L’ambassadeur de l’Iran auprès de l’ONU, Amir Saïd Iravani, affirme que la responsabilité de la situation actuelle dans le détroit d’Ormuz et de ses répercussions économiques mondiales incombe entièrement à ceux qui ont déclenché la guerre contre la République islamique d’Iran.
M. Iravani s’est exprimé lors d’une session spéciale du Conseil économique et social (ECOSOC) intitulée « Protéger les flux et l’approvisionnement énergétiques ; soutenir le développement mondial par la coopération internationale », qui a eu lieu ce vendredi.
« Nous le disons très clairement. La situation actuelle dans le détroit d’Ormuz et ses conséquences économiques mondiales incombent entièrement aux instigateurs de la guerre contre l’Iran et à leurs partenaires régionaux », a-t-il déclaré.
« L’instabilité croissante des marchés de l’énergie, des chaînes d’approvisionnement et des flux commerciaux mondiaux représente un défi sérieux pour le développement durable, la coopération internationale et la stabilité économique mondiale. »
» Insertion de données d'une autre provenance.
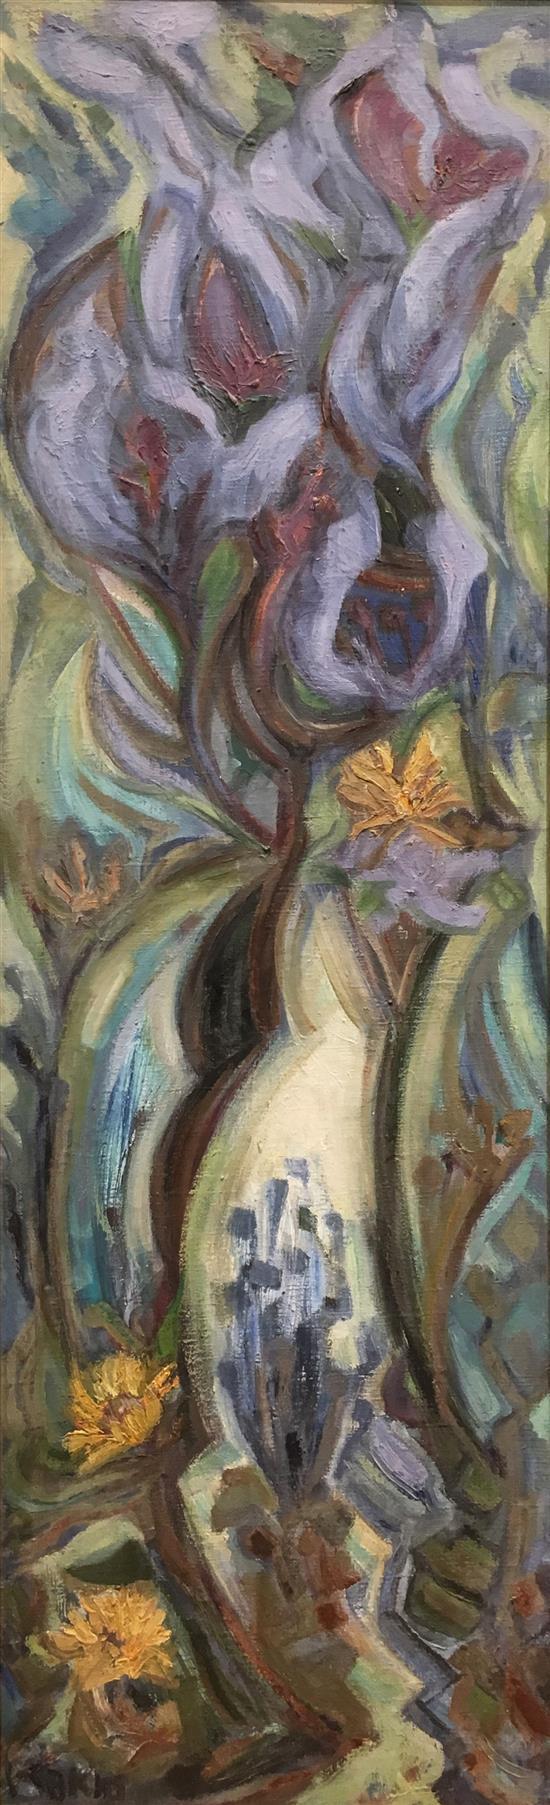 David Rakia b.1928 (Israeli) Flowers oil on canvas

Il a également noté que l’Iran avait subi des conséquences néfastes à la suite de deux actes d’agression, successivement le 13 juin 2025 et le 28 février 2026, qui constituaient tous deux des violations flagrantes de la Charte des Nations Unies et du droit international.
Ces deux guerres « ont provoqué des destructions massives d’infrastructures civiles, économiques, énergétiques et environnementales sensibles ; les conséquences de ces destructions ne disparaîtront pas avec la fin des opérations militaires », a-t-il ajouté.
L’envoyé iranien auprès de l’ONU a par ailleurs souligné que « la question la plus importante avant cette réunion spéciale n’est pas seulement de savoir comment répondre à la crise actuelle, mais aussi de se demander honnêtement quelles sont les véritables racines de ces crises et de l’instabilité croissante ».
Il a en outre mis en lumière certaines réalités au cœur des crises actuelles, affirmant qu’elles ne sont pas « apparues ex nihilo ».
Il a attribué l’instabilité actuelle à l’escalade militaire et aux actes d’agression illégaux perpétrés par le régime israélien et les États-Unis : « Ces actions ont intensifié les tensions dans l’une des régions énergétiques et commerciales les plus stratégiques du monde et ont sapé la stabilité régionale et mondiale. »
Les attaques directes contre les infrastructures pétrolières, gazières et pétrochimiques iraniennes « ont causé de graves dommages économiques et environnementaux dans la région du golfe Persique ».
De plus, ces attaques ont perturbé les chaînes d’approvisionnement mondiales en énergie et en engrais, ce qui a de graves conséquences pour la sécurité alimentaire et la production agricole à l’échelle mondiale, a-t-il précisé.
Les sanctions unilatérales, les mesures coercitives et le blocus naval imposés par les États-Unis « ont encore fragmenté les chaînes d’approvisionnement mondiales et accru l’instabilité sur les marchés de l’énergie et des matières premières ».
La sécurité régionale durable ne peut être atteinte par la confrontation ou la dépendance à l’égard des puissances étrangères, mais plutôt par le dialogue, le respect mutuel, la reconnaissance de la souveraineté et de l’intégrité territoriale, ainsi que par une authentique coopération régionale et internationale, a-t-il estimé.
L’engagement de l’Iran en faveur d’un dialogue constructif et d’efforts visant à rétablir la stabilité, à garantir la sécurité énergétique et à ramener le détroit d’Ormuz à la normale est incontestable, à condition que l’agression et l’escalade militaire cessent et que le blocus naval américain soit levé.
En conclusion, M. Iravani a souligné que « la paix ne peut être obtenue par la pression et la stabilité ne peut être instaurée par la confrontation. La seule voie durable est celle du dialogue, du respect mutuel et d’une véritable coopération internationale ».